**What the exercise asks**.
Every entry below must be copied exactly, with nothing left out.

**Provided data**.
BEGIN

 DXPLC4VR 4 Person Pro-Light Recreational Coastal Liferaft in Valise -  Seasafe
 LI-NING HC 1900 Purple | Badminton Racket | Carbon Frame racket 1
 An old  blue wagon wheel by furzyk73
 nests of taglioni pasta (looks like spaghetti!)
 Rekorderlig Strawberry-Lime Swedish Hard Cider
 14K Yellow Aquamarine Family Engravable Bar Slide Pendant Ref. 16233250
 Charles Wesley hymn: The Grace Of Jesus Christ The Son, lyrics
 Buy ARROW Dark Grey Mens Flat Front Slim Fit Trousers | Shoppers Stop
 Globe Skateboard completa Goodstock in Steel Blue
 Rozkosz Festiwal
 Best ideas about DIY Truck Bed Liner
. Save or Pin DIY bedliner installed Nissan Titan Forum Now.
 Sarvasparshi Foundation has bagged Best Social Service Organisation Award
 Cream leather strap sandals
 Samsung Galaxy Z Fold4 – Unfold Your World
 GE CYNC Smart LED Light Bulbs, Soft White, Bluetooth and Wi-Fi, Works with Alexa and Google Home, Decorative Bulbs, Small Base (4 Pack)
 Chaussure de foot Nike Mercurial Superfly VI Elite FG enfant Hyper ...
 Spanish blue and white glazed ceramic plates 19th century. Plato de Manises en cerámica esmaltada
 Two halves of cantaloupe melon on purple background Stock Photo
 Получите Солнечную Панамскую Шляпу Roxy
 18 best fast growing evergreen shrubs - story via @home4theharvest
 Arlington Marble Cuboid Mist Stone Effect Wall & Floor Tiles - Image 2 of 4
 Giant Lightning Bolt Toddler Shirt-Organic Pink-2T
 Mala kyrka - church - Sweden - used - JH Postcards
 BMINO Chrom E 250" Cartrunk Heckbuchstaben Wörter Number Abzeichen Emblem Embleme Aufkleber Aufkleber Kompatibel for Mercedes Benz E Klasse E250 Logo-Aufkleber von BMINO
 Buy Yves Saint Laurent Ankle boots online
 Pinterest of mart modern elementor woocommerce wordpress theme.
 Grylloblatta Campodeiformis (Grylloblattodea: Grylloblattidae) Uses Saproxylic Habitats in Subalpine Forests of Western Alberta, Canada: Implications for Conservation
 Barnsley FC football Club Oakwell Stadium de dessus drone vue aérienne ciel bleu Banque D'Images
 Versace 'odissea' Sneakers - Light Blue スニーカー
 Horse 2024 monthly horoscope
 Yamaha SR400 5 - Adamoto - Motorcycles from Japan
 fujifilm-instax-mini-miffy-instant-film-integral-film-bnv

END

**Result of this exercise**.
 DXPLC4VR 4 Person Pro-Light Recreational Coastal Liferaft in Valise -  Seasafe
 LI-NING HC 1900 Purple | Badminton Racket | Carbon Frame racket 1
 An old  blue wagon wheel by furzyk73
 nests of taglioni pasta (looks like spaghetti!)
 Rekorderlig Strawberry-Lime Swedish Hard Cider
 14K Yellow Aquamarine Family Engravable Bar Slide Pendant Ref. 16233250
 Charles Wesley hymn: The Grace Of Jesus Christ The Son, lyrics
 Buy ARROW Dark Grey Mens Flat Front Slim Fit Trousers | Shoppers Stop
 Globe Skateboard completa Goodstock in Steel Blue
 Rozkosz Festiwal
 Best ideas about DIY Truck Bed Liner
. Save or Pin DIY bedliner installed Nissan Titan Forum Now.
 Sarvasparshi Foundation has bagged Best Social Service Organisation Award
 Cream leather strap sandals
 Samsung Galaxy Z Fold4 – Unfold Your World
 GE CYNC Smart LED Light Bulbs, Soft White, Bluetooth and Wi-Fi, Works with Alexa and Google Home, Decorative Bulbs, Small Base (4 Pack)
 Chaussure de foot Nike Mercurial Superfly VI Elite FG enfant Hyper ...
 Spanish blue and white glazed ceramic plates 19th century. Plato de Manises en cerámica esmaltada
 Two halves of cantaloupe melon on purple background Stock Photo
 Получите Солнечную Панамскую Шляпу Roxy
 18 best fast growing evergreen shrubs - story via @home4theharvest
 Arlington Marble Cuboid Mist Stone Effect Wall & Floor Tiles - Image 2 of 4
 Giant Lightning Bolt Toddler Shirt-Organic Pink-2T
 Mala kyrka - church - Sweden - used - JH Postcards
 BMINO Chrom E 250" Cartrunk Heckbuchstaben Wörter Number Abzeichen Emblem Embleme Aufkleber Aufkleber Kompatibel for Mercedes Benz E Klasse E250 Logo-Aufkleber von BMINO
 Buy Yves Saint Laurent Ankle boots online
 Pinterest of mart modern elementor woocommerce wordpress theme.
 Grylloblatta Campodeiformis (Grylloblattodea: Grylloblattidae) Uses Saproxylic Habitats in Subalpine Forests of Western Alberta, Canada: Implications for Conservation
 Barnsley FC football Club Oakwell Stadium de dessus drone vue aérienne ciel bleu Banque D'Images
 Versace 'odissea' Sneakers - Light Blue スニーカー
 Horse 2024 monthly horoscope
 Yamaha SR400 5 - Adamoto - Motorcycles from Japan
 fujifilm-instax-mini-miffy-instant-film-integral-film-bnv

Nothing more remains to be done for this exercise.